Gutworm recorded their debut EP at Backstage Studios, Nottingham, with producer Dave Chang. This release,Torn From Me, was released early in 2000. Metal Hammer awarded it 9/10, writing "I can’t believe this band are British and unsigned!"

After several tours across the country, Gutworm traveled to the USA and became the first unsigned British band to perform at the November To Dismember Metalfest in California. The band played with acts such as Morbid Angel and Testament, and returned to play at the New Jersey Metal Meltdown, which featured bands such as Nile and The Haunted.

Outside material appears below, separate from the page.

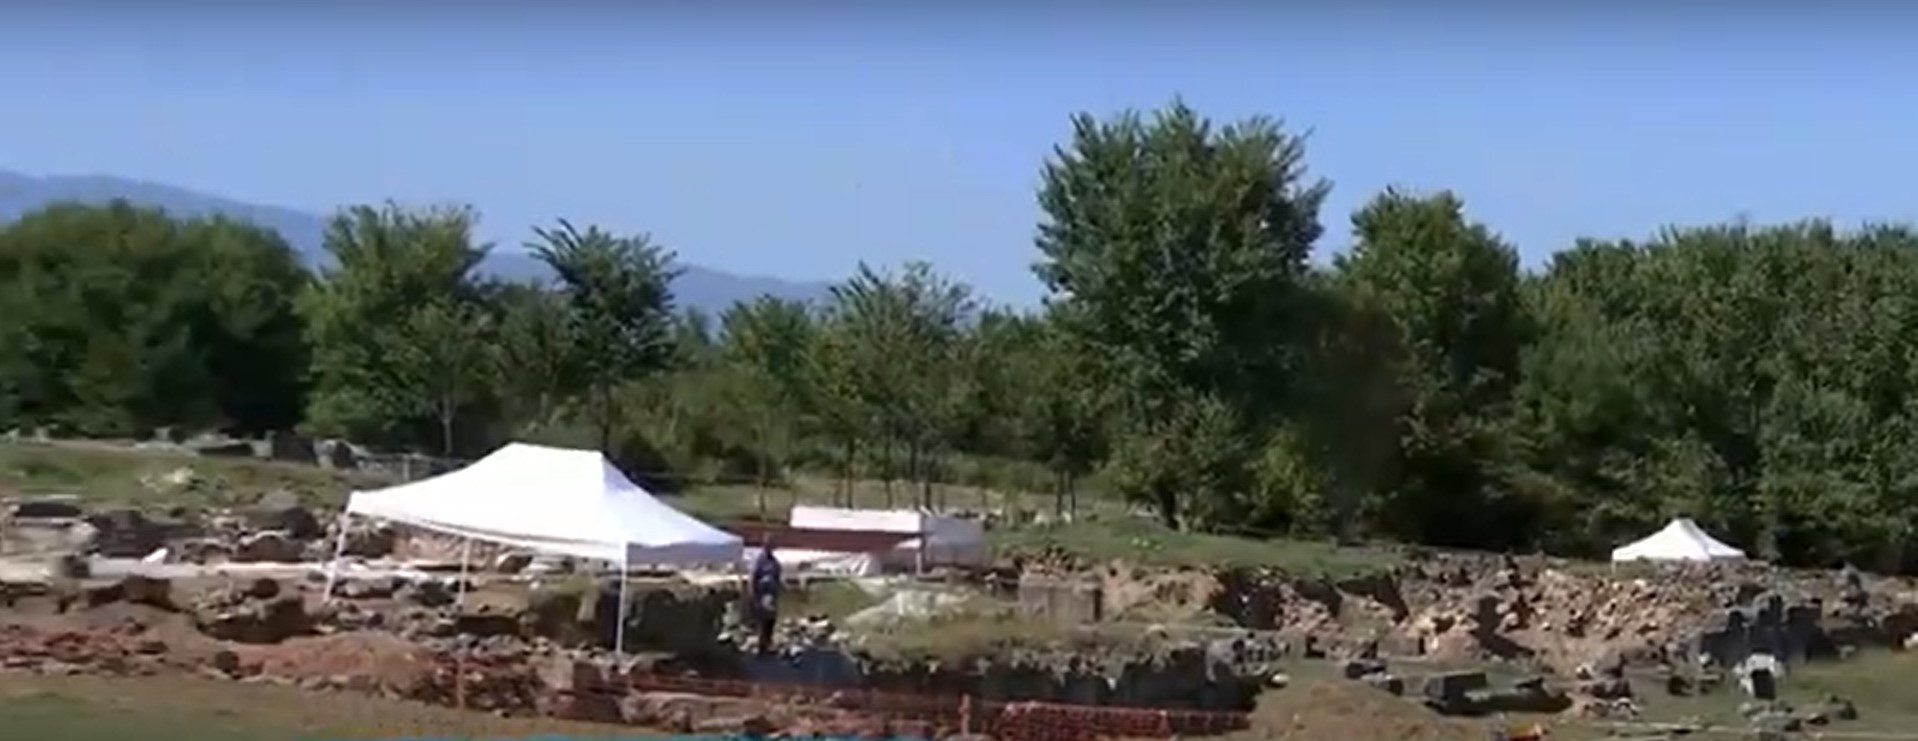 Αρχαιολογικό συνέδριο για τις ανασκαφές σε Μακεδονία και Θράκη το 2022

The band signed to European label SPV GmbH and recorded twelve songs at Karo Studios in Germany during March 2001. Following delays that pushed the album release date further back, Gutworm left the label.

After a break, Gutworm resumed touring the country, attracting the attention of British label Anticulture Records, which signed the band in 2003. They recorded an album featuring new material with Greg Chandler of Esoteric at Priory Studios in Birmingham.

Gutworm’s full-length album Ruin The Memory was released nationwide in June 2004. Since the album’s release, Gutworm performed at the Bloodstock Indoor 2004 festival, receiving 4Ks in Kerrang! magazine, and produced a video for album opener "What You Are", broadcast on digital music channels Scuzz and MTV2.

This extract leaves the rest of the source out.